Data to examine –
****************
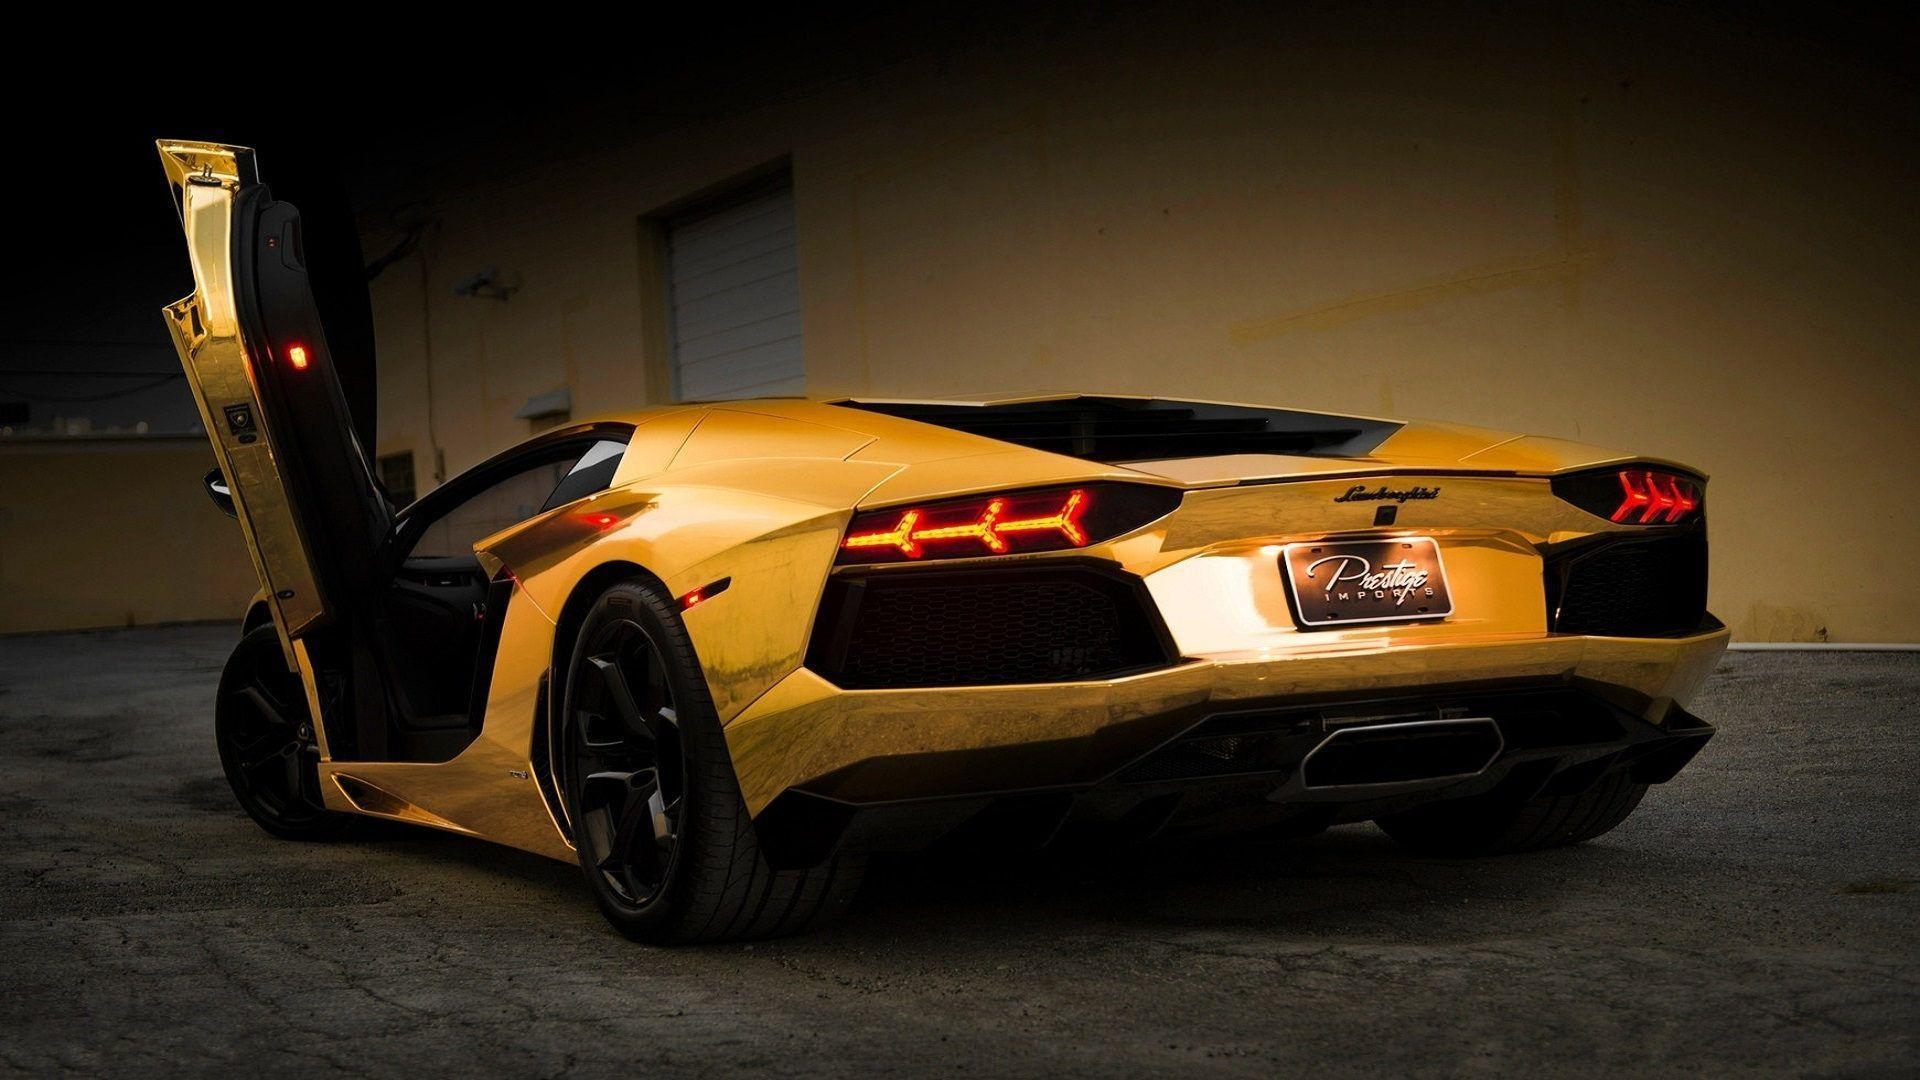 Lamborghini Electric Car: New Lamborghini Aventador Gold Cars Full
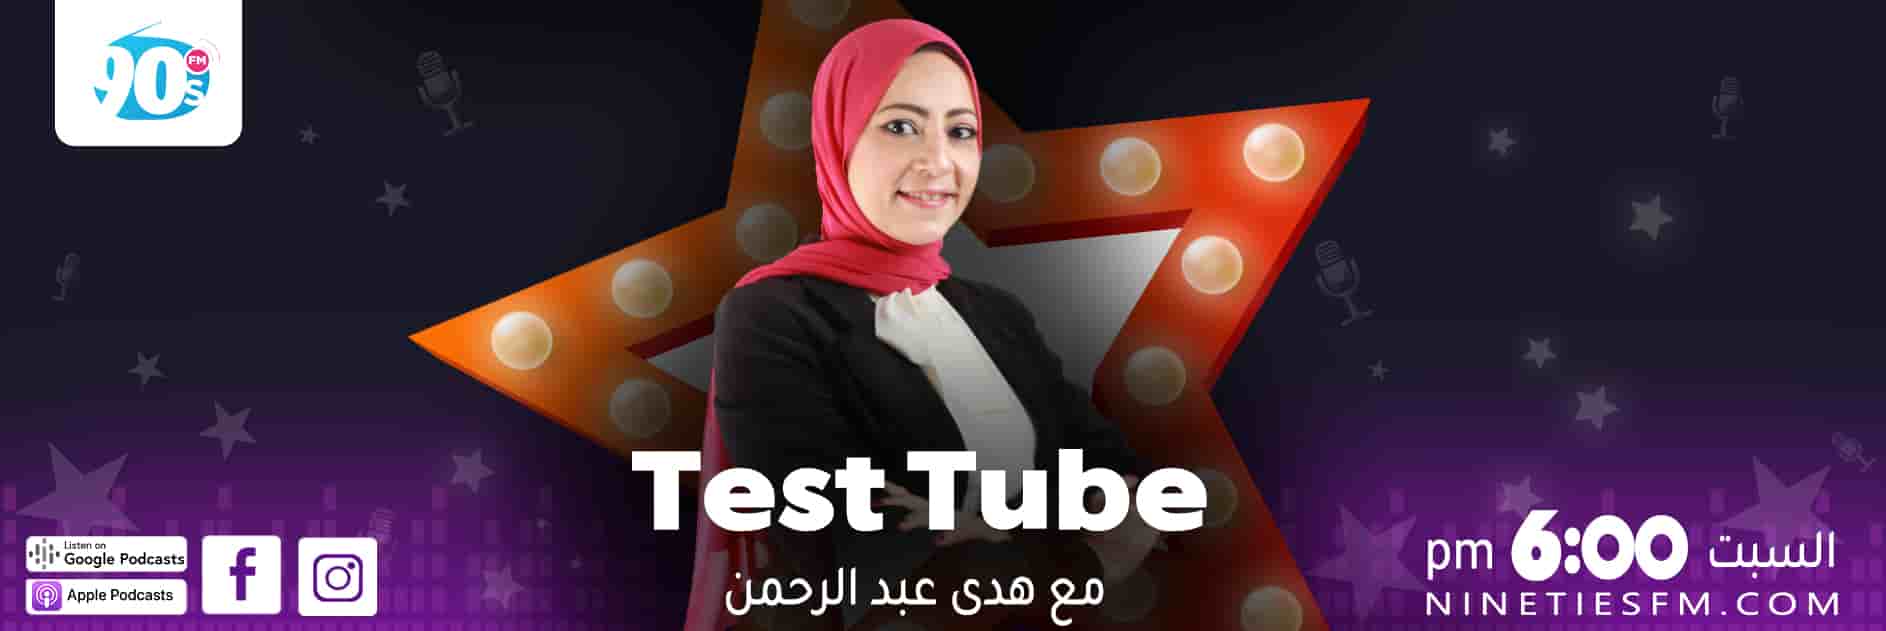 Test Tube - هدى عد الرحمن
****************
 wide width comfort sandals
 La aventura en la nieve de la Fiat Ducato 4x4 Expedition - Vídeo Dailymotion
****************
Exercise description –
Take the material above from the line bearing "Lamborghini Electric Car: New" through the line bearing "Test Tube - هدى عد الرحمن" and write it out exactly, both end lines included. Pictures stay out.

Response for this exercise –
 Lamborghini Electric Car: New Lamborghini Aventador Gold Cars Full
 Test Tube - هدى عد الرحمن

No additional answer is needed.